When Web technology is used for an information network that is restricted to a
particular company, it is referred to as an
Intranet.
Intranets provide much greater security than the Internet, since you can
physically control access to the servers within your company. In terms of
training, it seems that once people understand the general concept of a browser
it’s much easier for them to deal with differences in the way pages and
applets look, so the learning curve for new kinds of systems seems to be reduced.
The
security problem brings us to one of the divisions that seems to be
automatically forming in the world of client-side programming. If your program
is running on the Internet, you don’t know what platform it will be
working under and you want to be extra careful that you don’t disseminate
buggy code. You need something cross-platform and secure, like a scripting
language or Java.
If
you’re running on an Intranet, you might have a different set of
constraints. It’s not uncommon that your machines could all be
Intel/Windows platforms. On an Intranet, you’re responsible for the
quality of your own code and can repair bugs when they’re discovered. In
addition, you might already have a body of legacy code that you’ve been
using in a more traditional client/server approach, whereby you must physically
install client programs every time you do an upgrade. The time wasted in
installing upgrades is the most compelling reason to move to browsers because
upgrades are invisible and automatic. If you are involved in such an Intranet,
the most sensible approach to take is ActiveX rather than trying to recode your
programs in a new language.
When
faced with this bewildering array of solutions to the client-side programming
problem, the best plan of attack is a cost-benefit analysis. Consider the
constraints of your problem and what would be the fastest way to get to your
solution. Since client-side programming is still programming, it’s always
a good idea to take the fastest development approach for your particular
situation. This is an aggressive stance to prepare for inevitable encounters
with the problems of program development.
Server-side
programming
This
whole discussion has ignored the issue of server-side programming. What happens
when you make a request of a server? Most of the time the request is simply
“send me this file.” Your browser then interprets the file in some
appropriate fashion: as an HTML page, a graphic image, a Java applet, a script
program, etc. A more complicated request to a server generally involves a
database transaction. A common scenario involves a request for a complex
database search, which the server then formats into an HTML page and sends to
you as the result. (Of course, if the client has more intelligence via Java or
a scripting language, the raw data can be sent and formatted at the client end,
which will be faster and less load on the server.) Or you might want to
register your name in a database when you join a group or place an order, which
will involve changes to that database. These database requests must be
processed via some code on the server side, which is generally referred to as server-side
programming
.
Traditionally, server-side programming has been performed using Perl and CGI
scripts, but more sophisticated systems have been appearing. These include
Java-based Web servers that allow you to perform all your server-side
programming in Java by writing what are called
servlets.
A
separate arena: applications
Most
of the brouhaha over Java has been about applets.

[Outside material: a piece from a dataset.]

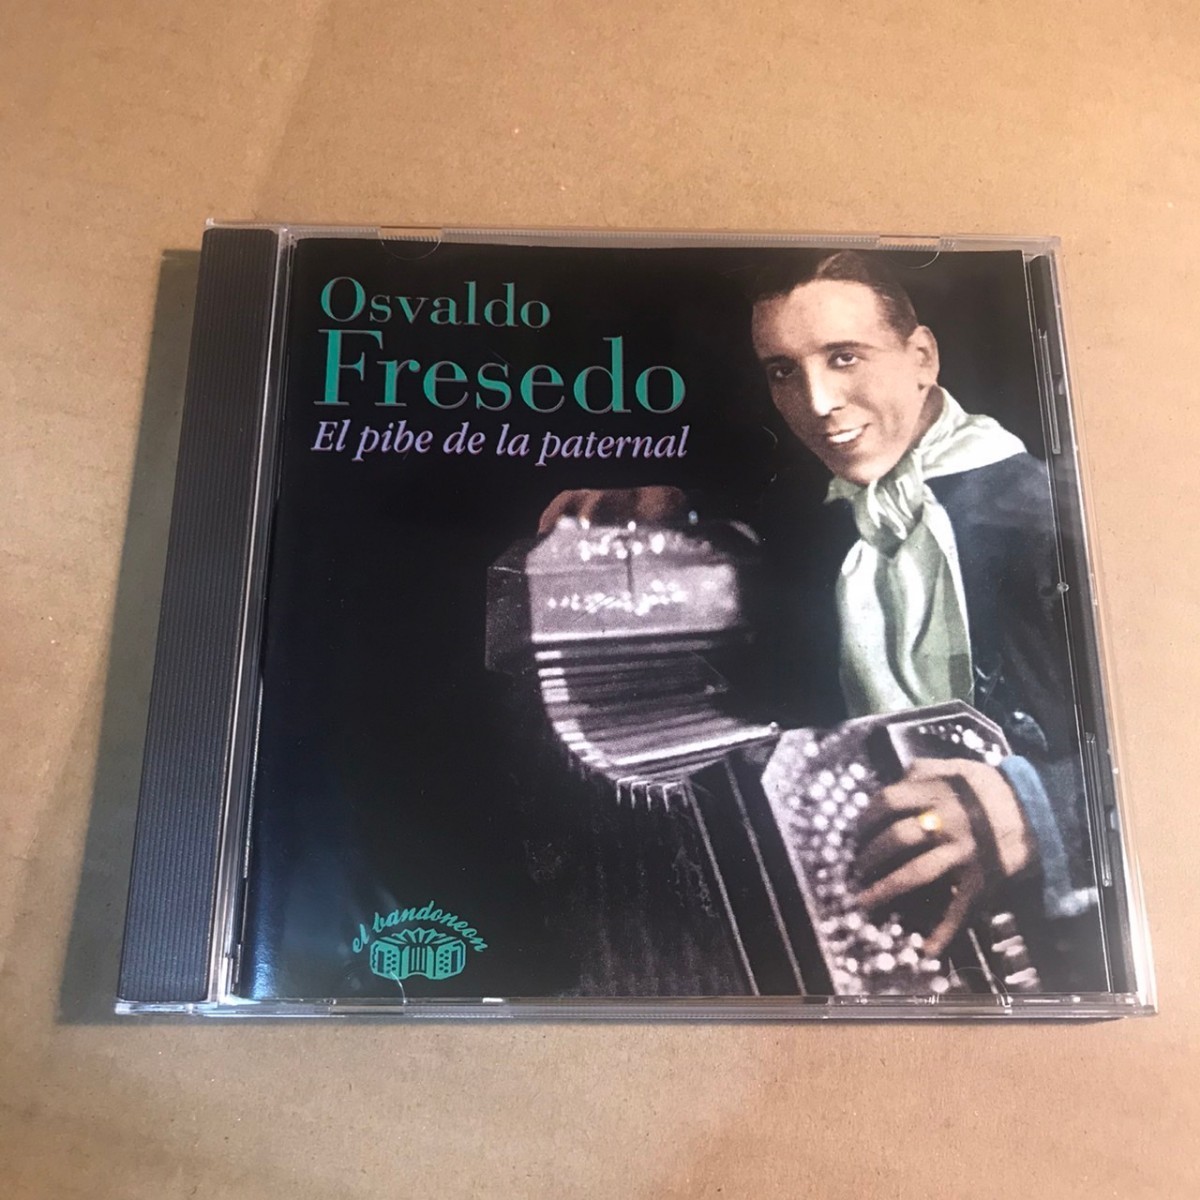 オスバルド・フレセド CD Osvaldo Fresedo EB-CD 49 タンゴ tango _画像1

Java is actually a
general-purpose programming language that can solve any type of problem, at
least in theory. And as pointed out previously, there might be more effective
ways to solve most client/server problems. When you move out of the applet
arena (and simultaneously release the restrictions, such as the one against
writing to disk) you enter the world of general-purpose applications that run
standalone, without a Web browser, just like any ordinary program does. Here,
Java’s strength is not only in its portability, but also its
programmability. As you’ll see throughout this book, Java has many
features that allow you to create robust programs in a shorter period than with
previous programming languages.
Be
aware that this is a mixed blessing. You pay for the improvements through
slower execution speed (although there is significant work going on in this
area). Like any language, Java has built-in limitations that might make it
inappropriate to solve certain types of programming problems. Java is a
rapidly-evolving language, however, and as each new release comes out it
becomes more and more attractive for solving larger sets of problems.
[8]
The material in this section is adapted from an article by the author that
originally appeared on Mainspring, at
www.mainspring.com.
Used with permission.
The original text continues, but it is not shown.